In my spark application I would like to do operations on a dataframe in a loop and write the result to hdfs. 在我的spark应用程序中,我想对一个数据帧进行循环操作,并将结果写入hdfs。

pseudocode: 伪代码:

var df = emptyDataframe
for n = 1 to 200000{
  someDf=read(n)
  df = df.mergeWith(somedf)
}
df.writetohdfs

In the above example I get good results when "mergeWith" does a unionAll. 在上面的示例中,当“ mergeWith”执行unionAll时,我会获得良好的结果。

However, when in "mergeWith" I do a (simple) join, the job gets really slow (>1h with 2 executors with 4 cores each) and never finishes (job aborts itself). 但是,当我在“ mergeWith”中执行一个(简单的)连接时,该工作会变得非常缓慢(> 1h,且每个执行程序有2个执行器,每个执行器具有4个内核),并且永远不会完成(作业会中止自身)。

In my scenario I throw in ~50 iterations with files that just contain ~1mb of text data. 在我的场景中,我使用仅包含约1mb文本数据的文件进行了约50次迭代。

Because order of merges is important in my case, I'm suspecting this is due to the DAG generation, causing the whole thing to be run at the moment I store away the data. 因为在我的情况下合并顺序很重要,所以我怀疑这是由于DAG的产生,导致整个过程在存储数据的那一刻就可以运行了。

Right now I'm attempting to use a .persist on the merged data frame but that also seems to go rather slowly. 现在,我正在尝试在合并的数据帧上使用.persist,但这似乎也很慢。

EDIT: 编辑:

As the job was running i noticed (even though I did a count and .persist) the dataframe in memory didn't look like a static dataframe. 当作业正在运行时,我注意到(即使我进行了计数和.persist),内存中的数据帧看起来也不像静态数据帧。 It looked like a stringed together path to all the merges it had been doing, effectively slowing down the job linearly. 看起来像是一条通往所有合并的串连路径,有效地线性降低了工作速度。

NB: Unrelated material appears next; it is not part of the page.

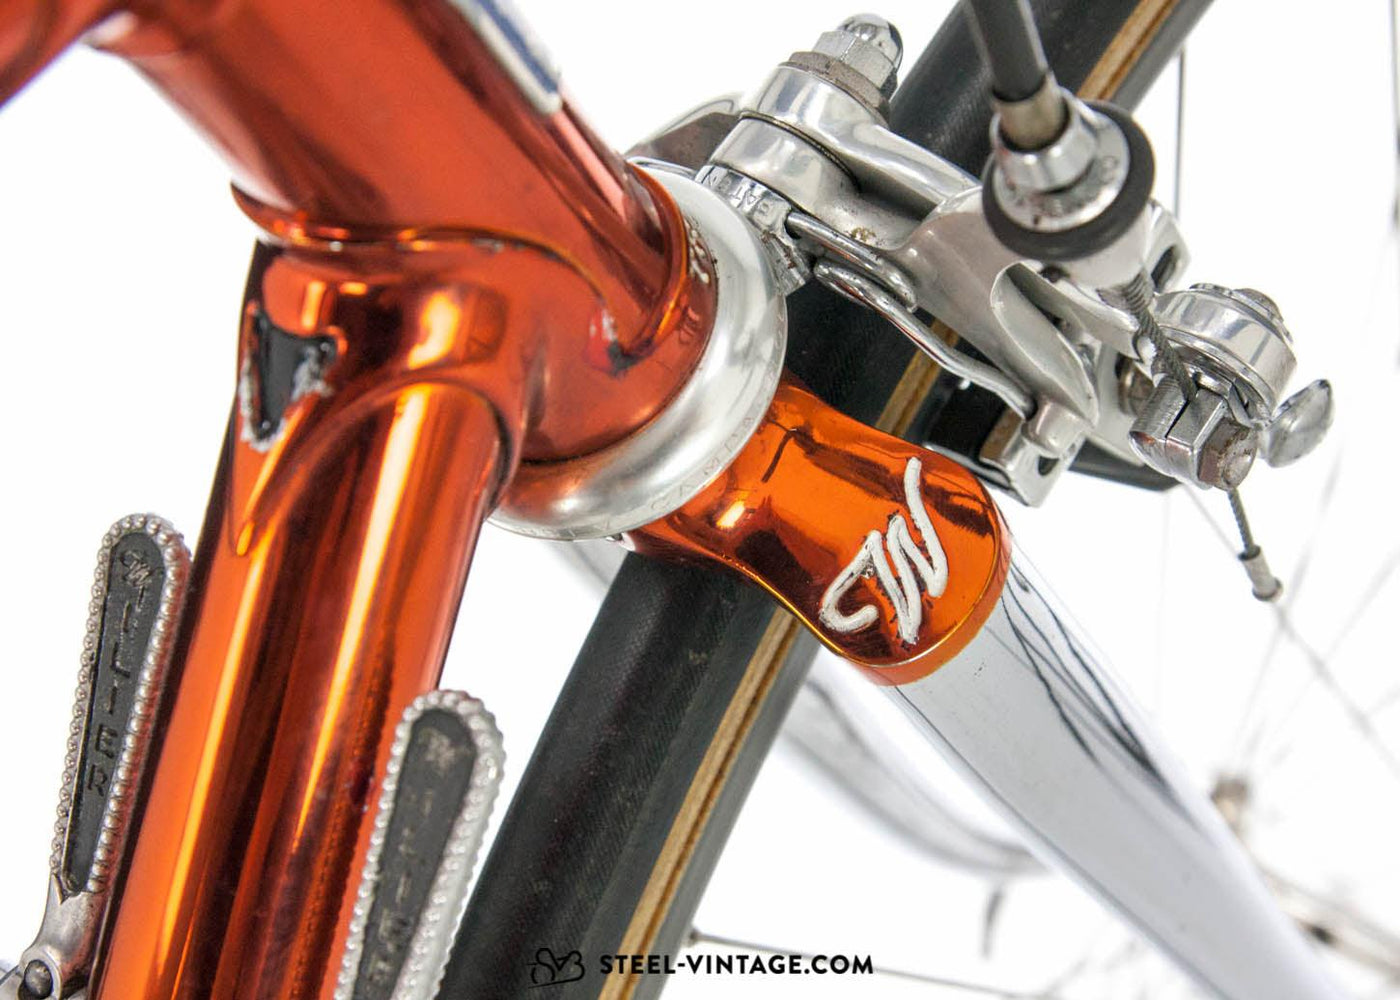 Wilier Triestina Ramata Superleggera Classic Bicycle - Steel Vintage Bikes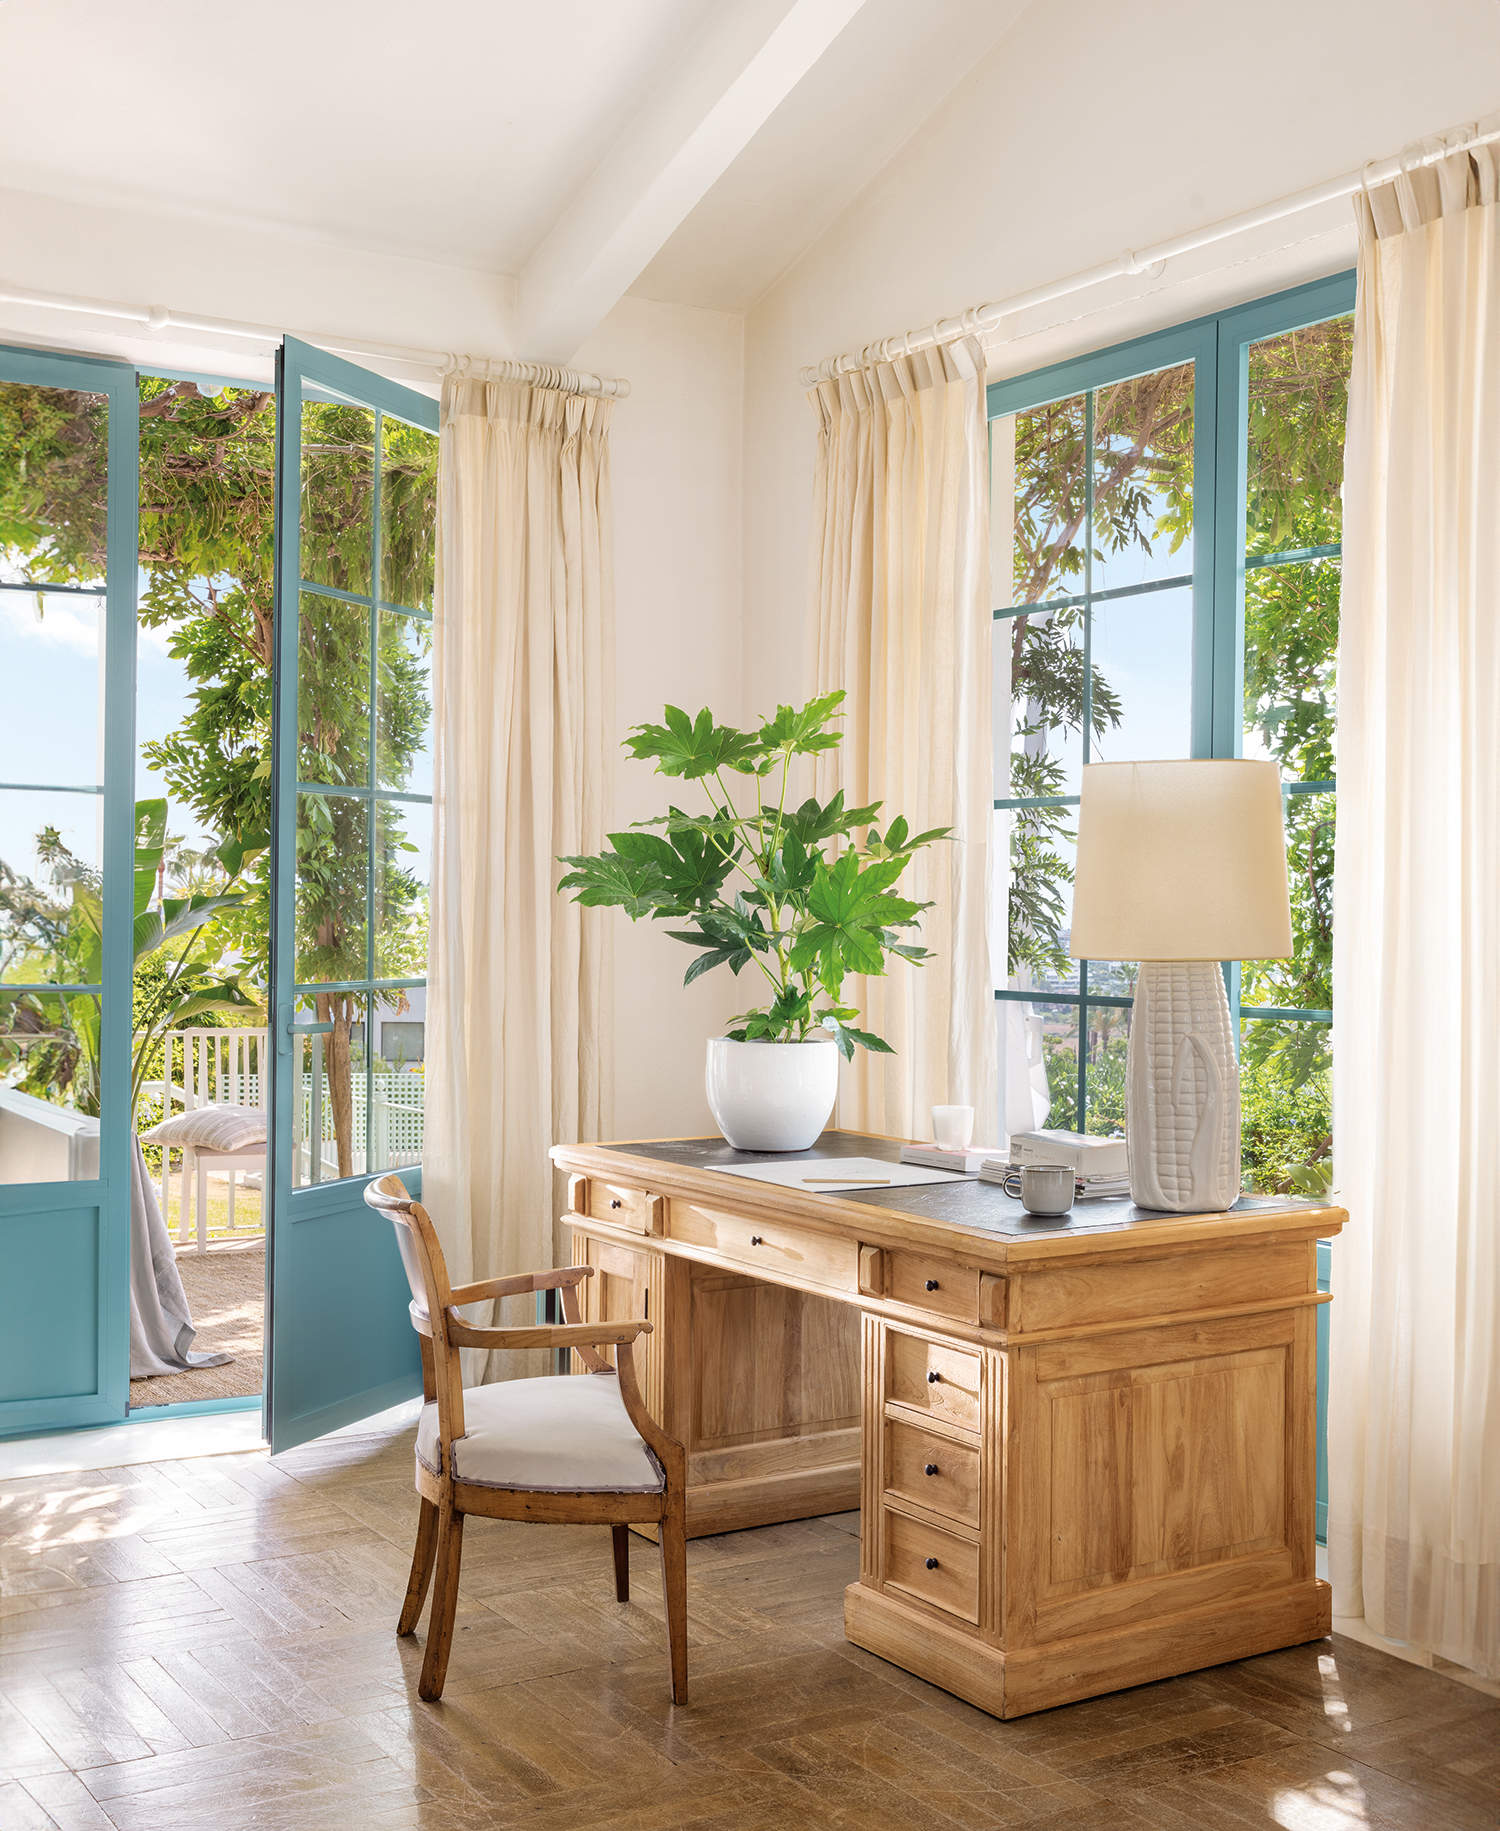 Salón con zona de escritorio de madera natural y ventanas con carpintería azul

Am I right to assume the var df is the culprit of this? 我是否可以假设var df是造成这种情况的罪魁祸首?

螺旋式失控

breakdown of the issue as I see it: 我看到的问题的细分:

dfA = empty
dfC = dfA.increment(dfB)
dfD = dfC.increment(dfN)....

When I would expect DF' AC and D are object, spark things differently and does not care if I persist or repartition or not. 当我期望DF'AC和D是对象时,以不同的方式发出火花,并且不在乎我是否坚持或重新分区。 to Spark it looks like this: 火花看起来像这样:

dfA = empty
dfC = dfA incremented with df B
dfD = ((dfA incremented with df B) incremented with dfN)....

Update2 UPDATE2

To get rid of the persisting not working on DF's I could "break" the lineage when converting the DF to and RDD and back again. 为了摆脱持续无法使用DF的问题,我可以在将DF转换为RDD并再次转换回DF时“破坏”谱系。 This has a little bit of an overhead but an acceptable one (job finishes in minutes rather than hours/never) I'll run some more tests on the persisting and formulate an answer in the form of a workaround. 这有一点点开销,但可以接受(工作在几分钟内完成,而不是数小时/从不完成)。我将对持久性进行更多测试,并以变通办法的形式提出答案。

Result: This only seems to fix these issues on the surface. 结果:这似乎只能解决这些问题。 In reality I'm back at square one and get OOM exceptions java.lang.OutOfMemoryError: GC overhead limit exceeded 实际上,我回到第一个方格并获得OOM异常java.lang.OutOfMemoryError: GC overhead limit exceeded

If you have code like this: 如果您有这样的代码:

var df = sc.parallelize(Seq(1)).toDF()

for(i<- 1 to 200000) {
  val df_add = sc.parallelize(Seq(i)).toDF()
  df = df.unionAll(df_add)
}

Then df will have 400000 partitions afterwards, which makes the following actions inefficient (because you have 1 tasks for each partition). 然后df之后将有400000个分区,这会使以下操作效率低下(因为每个分区有1个任务)。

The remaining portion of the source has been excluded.